:: Data section ::
- - - -

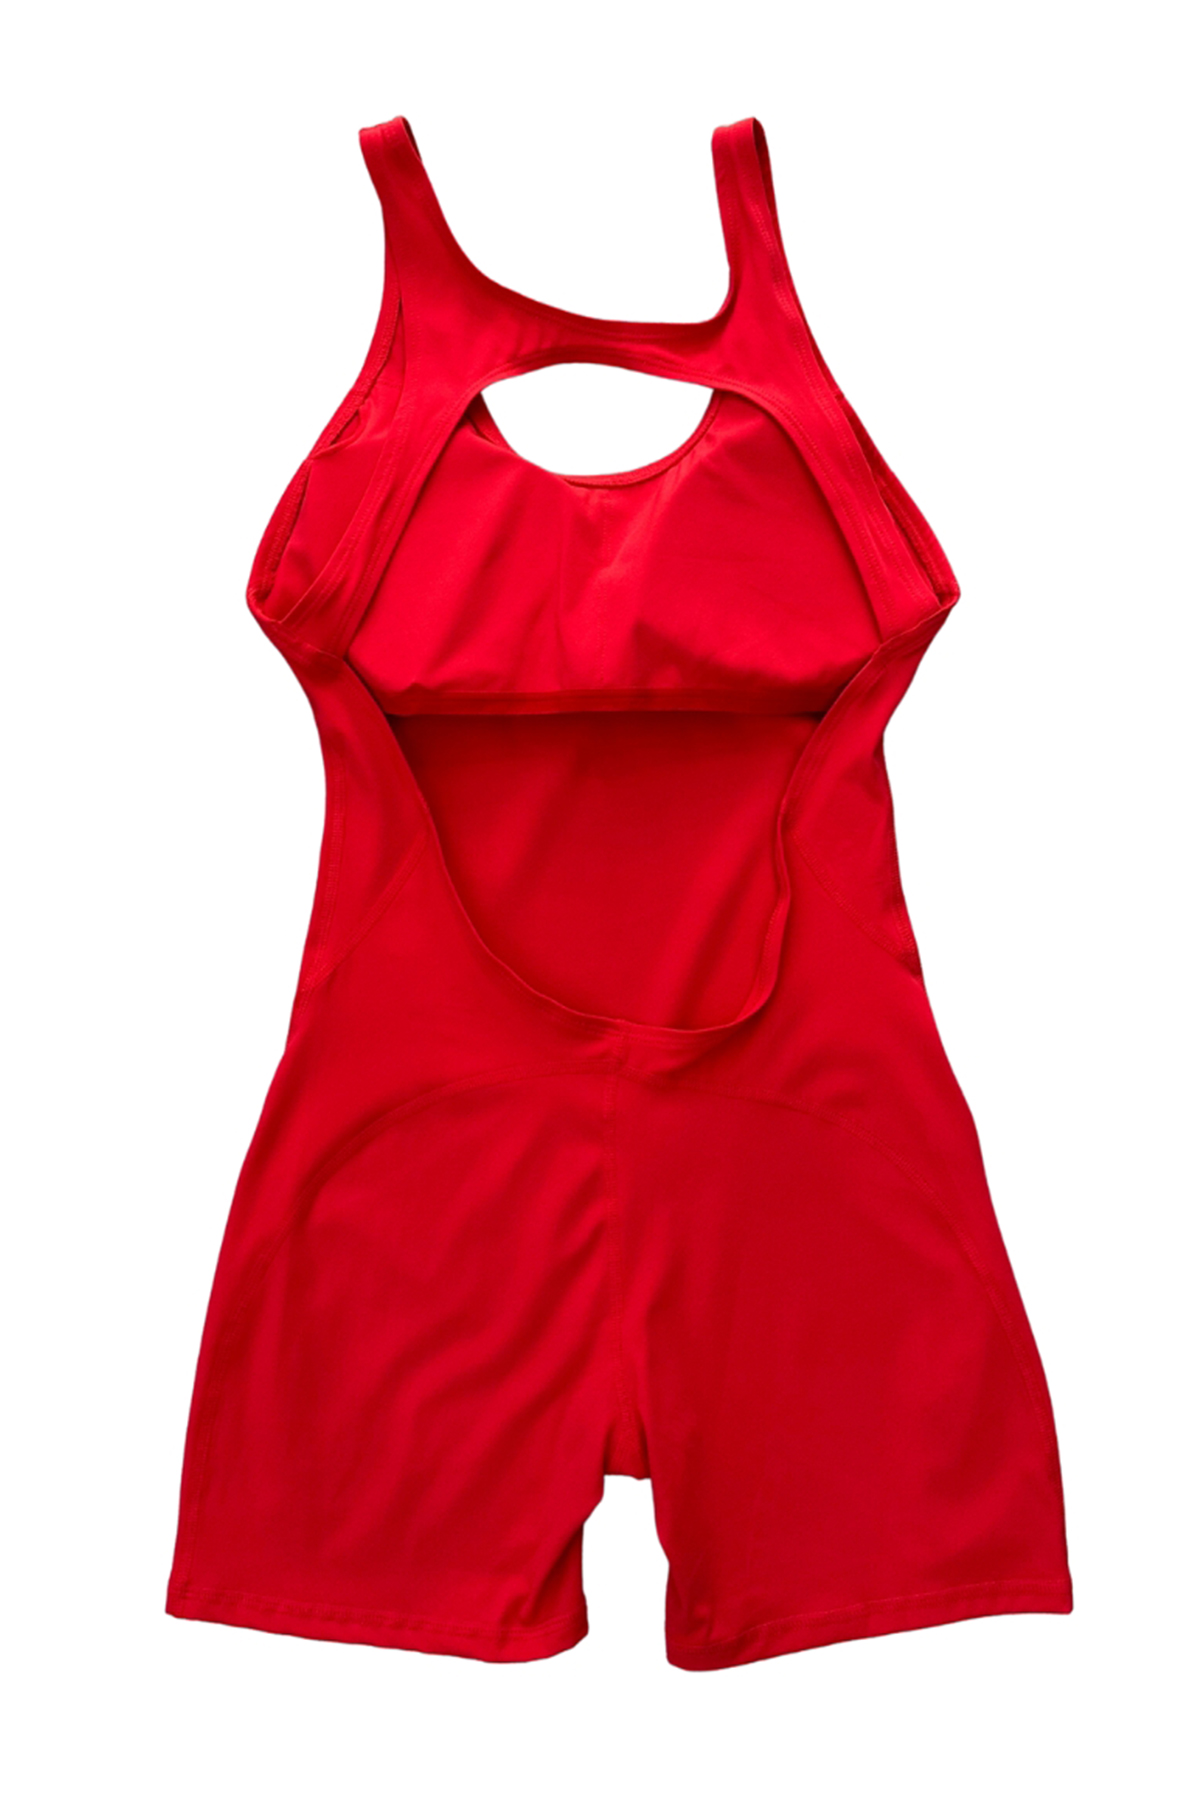 Mini-Short-Cut-out-Bodysuit-for-Exercising-red-back
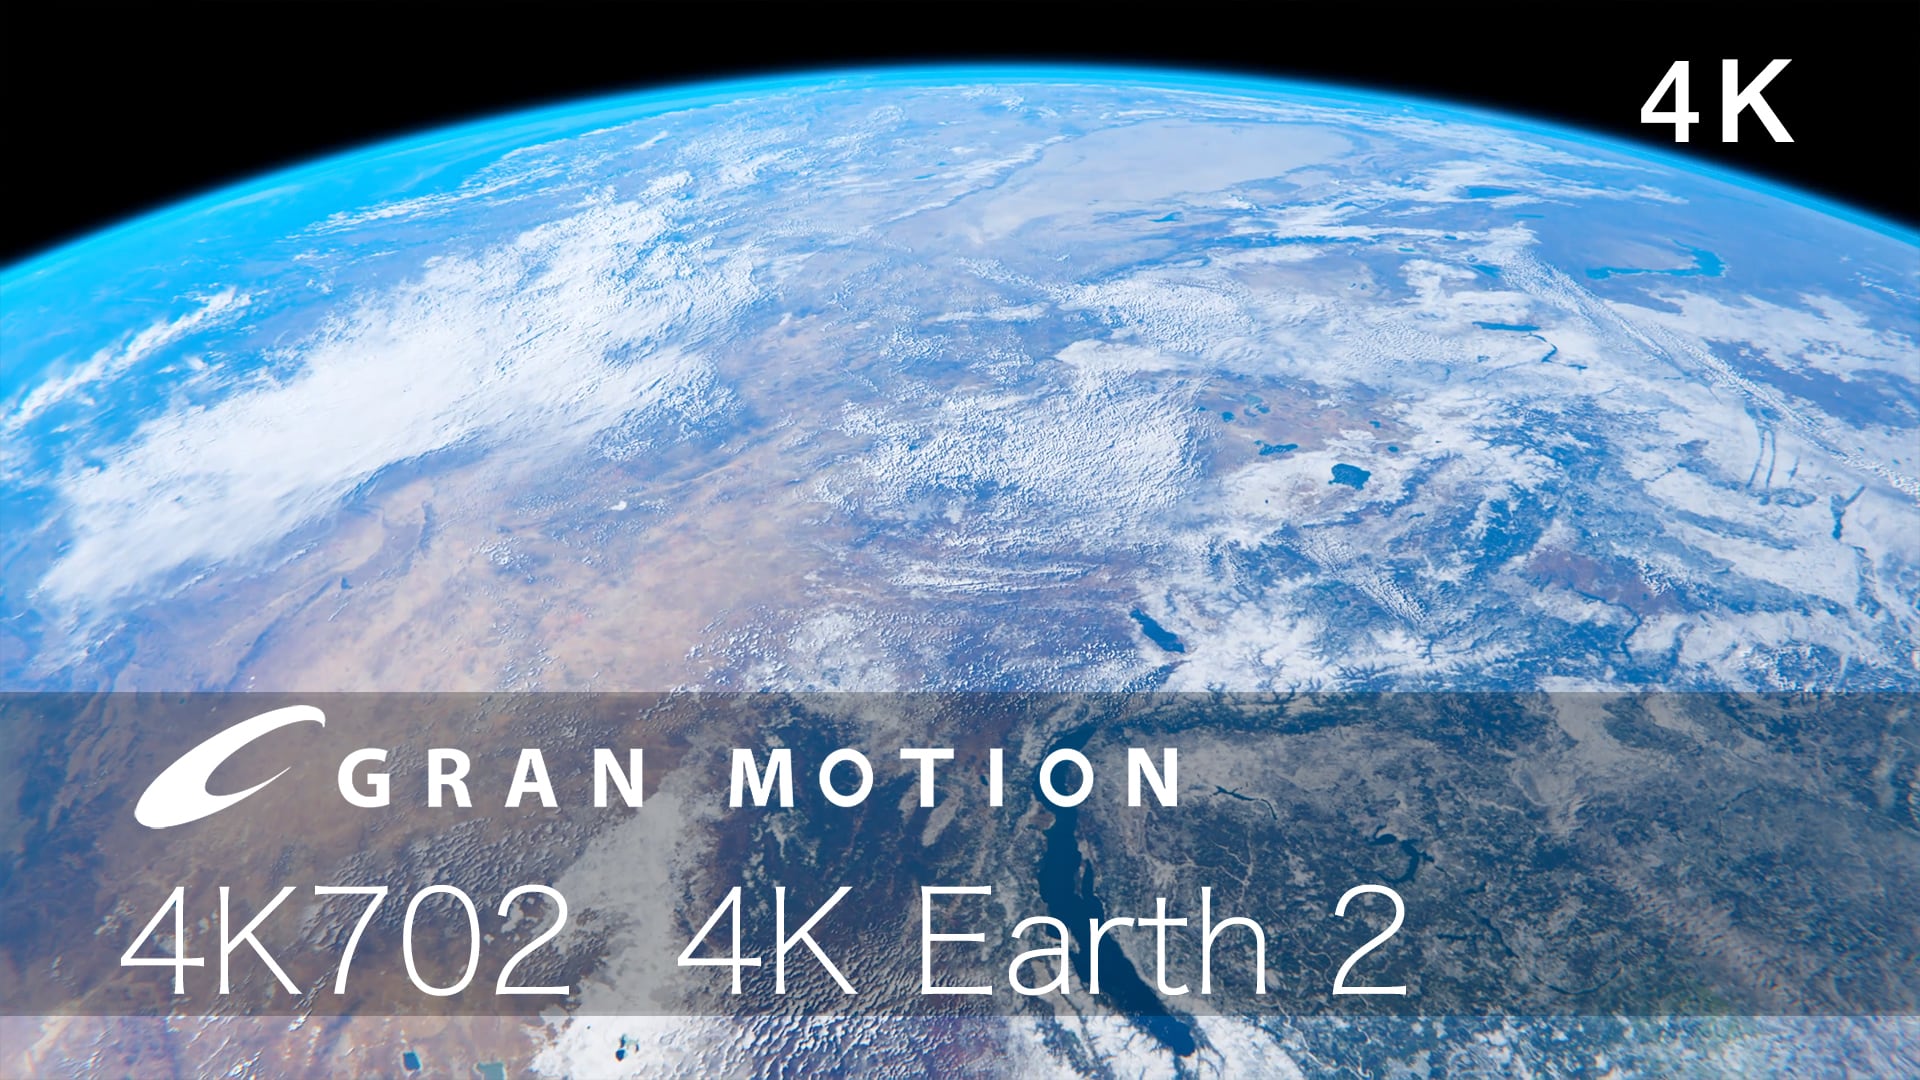 4k702dl 4k地球2 グランモーション 4k動画素材集 ダウンロード製品471mb Artzone Web Shop
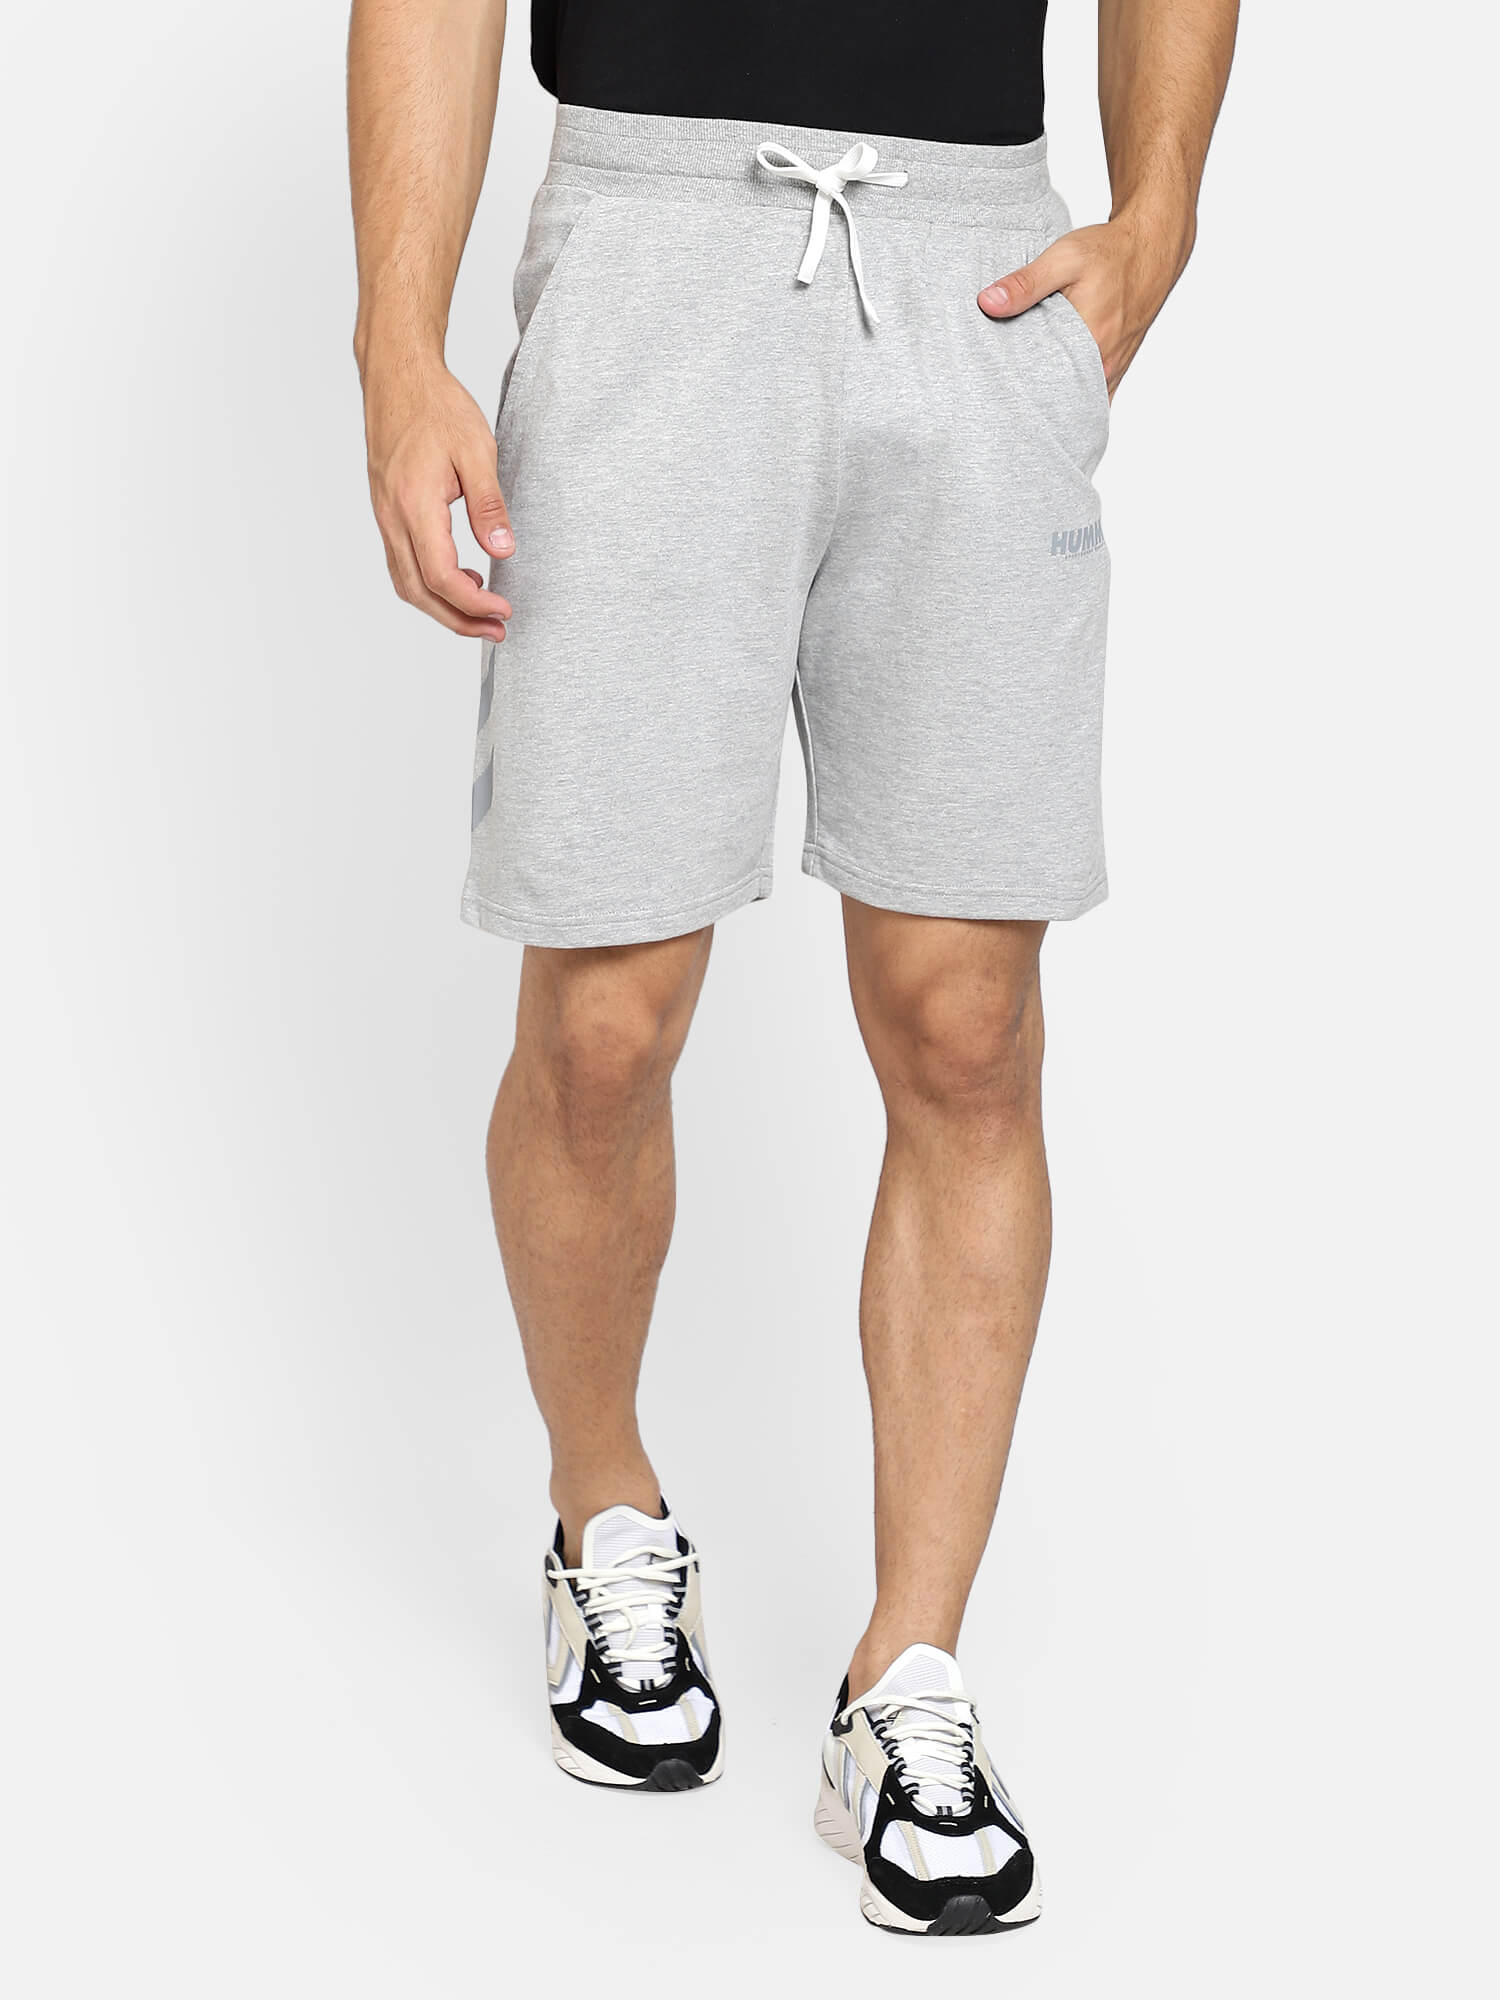 Chevs Grey Shorts for Men

- - - -

:: Problem details ::
Apart from the images, reproduce the listing exactly as it appears.

:: Result ::
 Mini-Short-Cut-out-Bodysuit-for-Exercising-red-back
 4k702dl 4k地球2 グランモーション 4k動画素材集 ダウンロード製品471mb Artzone Web Shop
 Chevs Grey Shorts for Men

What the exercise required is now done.